* ABOUT THIS EXERCISE: Retype the whole listing below exactly, keeping every picture out of it.

* RAW DATA:
————

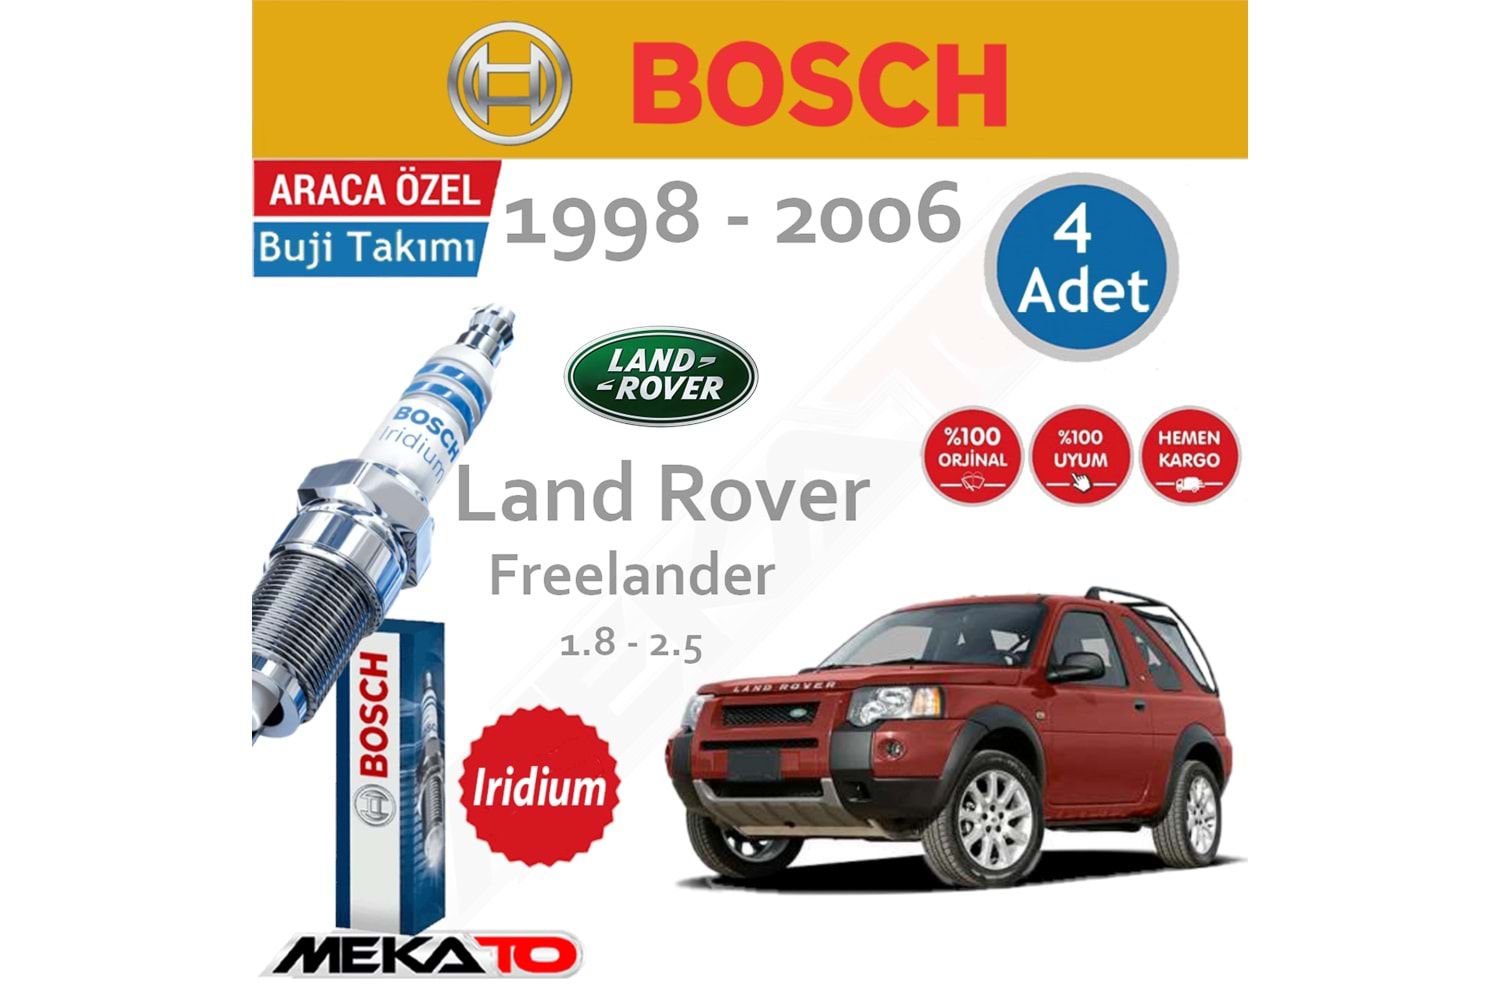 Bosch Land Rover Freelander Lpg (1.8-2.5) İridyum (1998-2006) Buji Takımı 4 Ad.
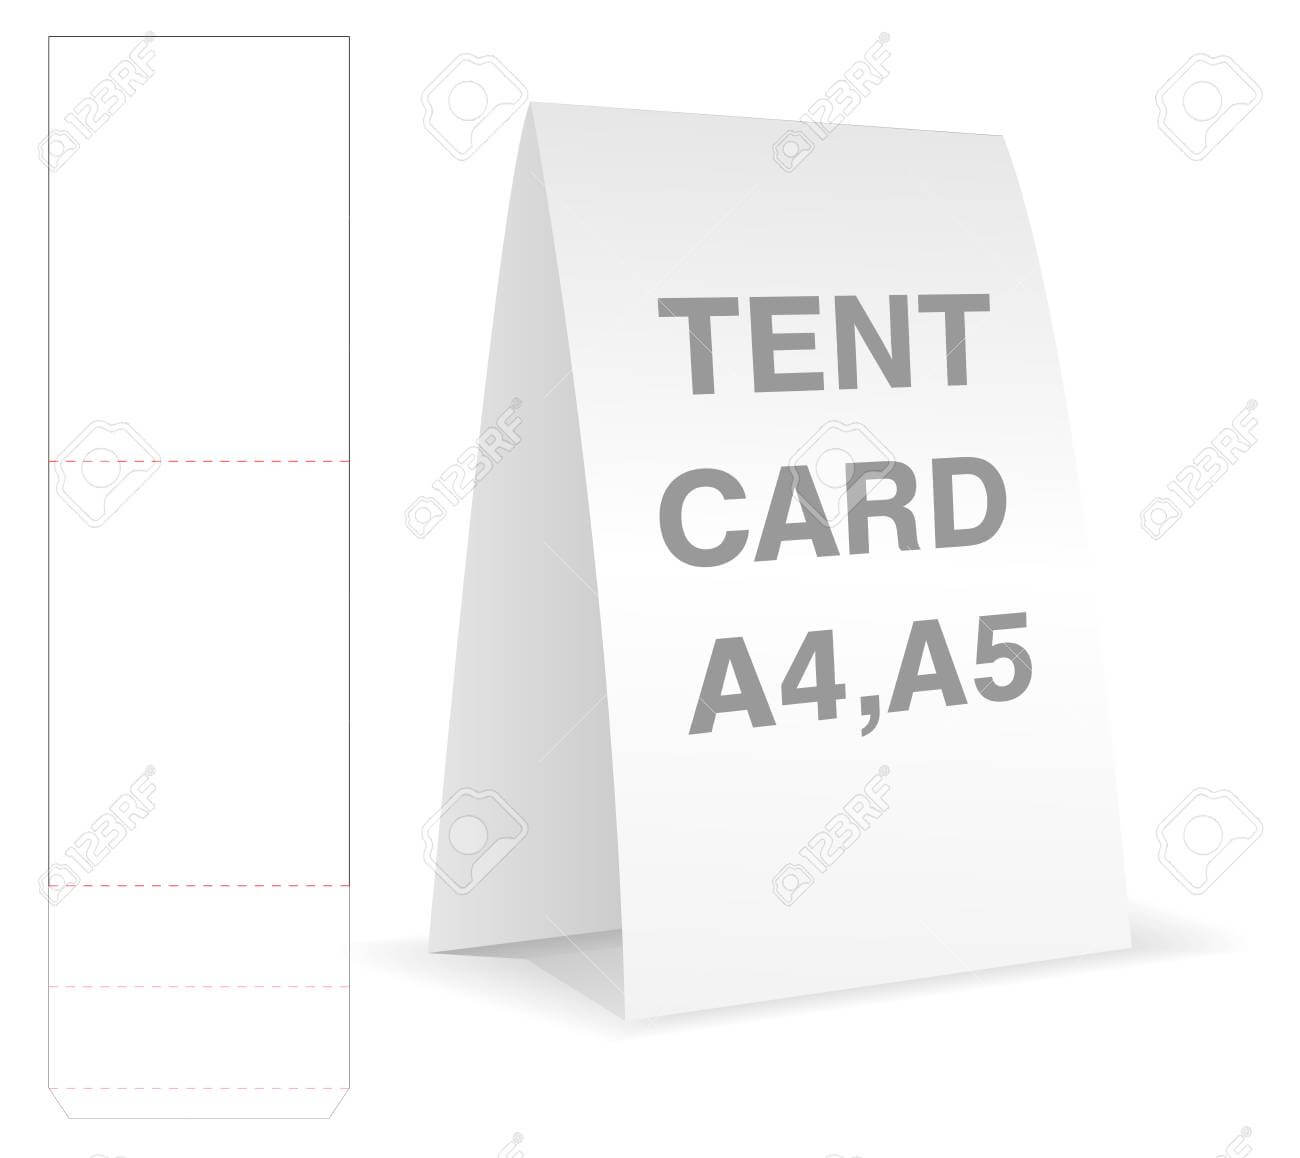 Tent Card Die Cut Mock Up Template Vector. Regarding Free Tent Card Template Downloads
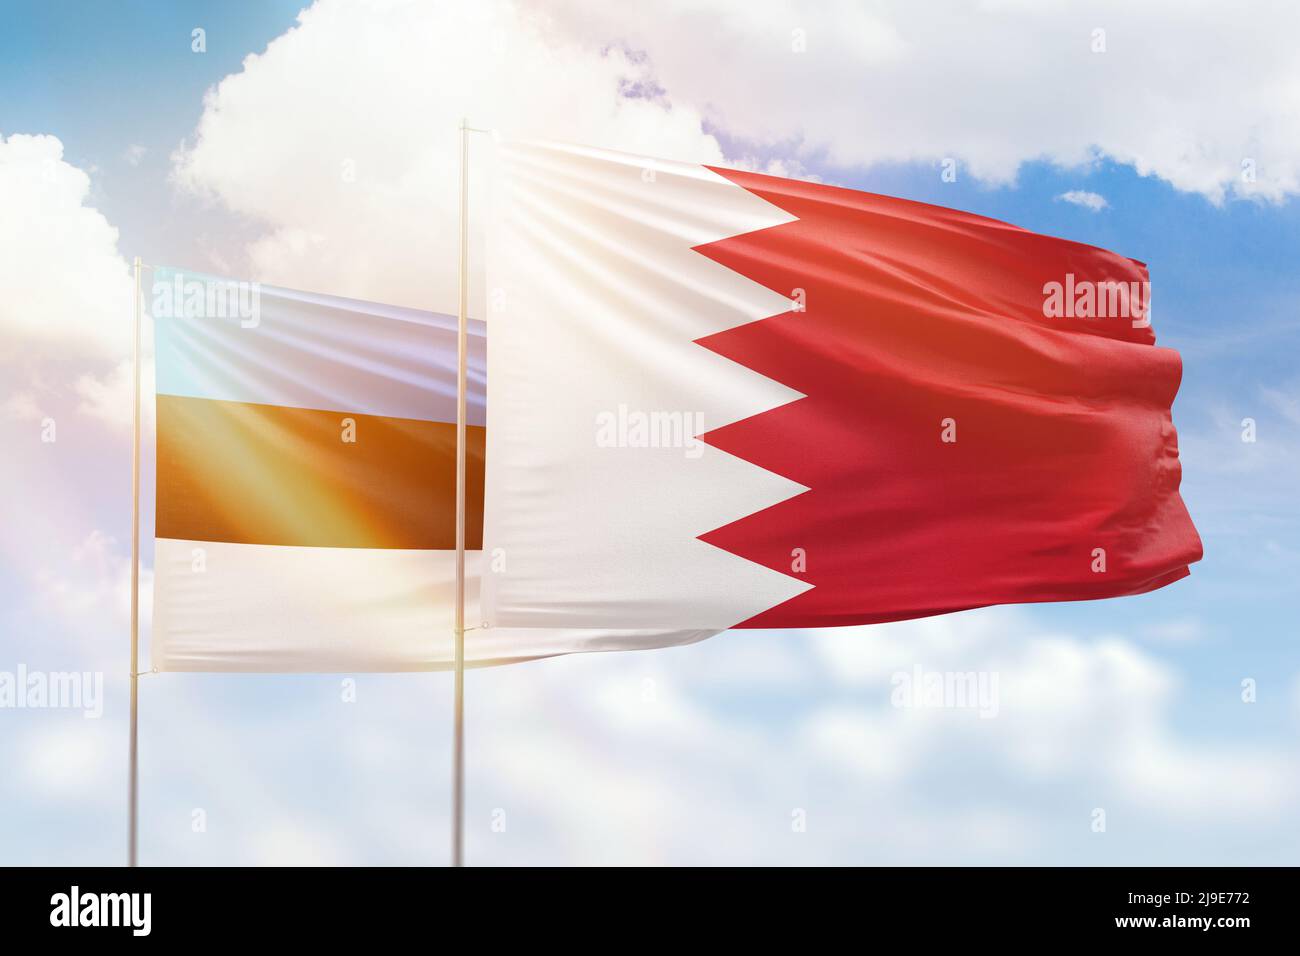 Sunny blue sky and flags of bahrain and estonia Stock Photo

————

* RESULT BELOW:
 Bosch Land Rover Freelander Lpg (1.8-2.5) İridyum (1998-2006) Buji Takımı 4 Ad.
 Tent Card Die Cut Mock Up Template Vector. Regarding Free Tent Card Template Downloads
 Sunny blue sky and flags of bahrain and estonia Stock Photo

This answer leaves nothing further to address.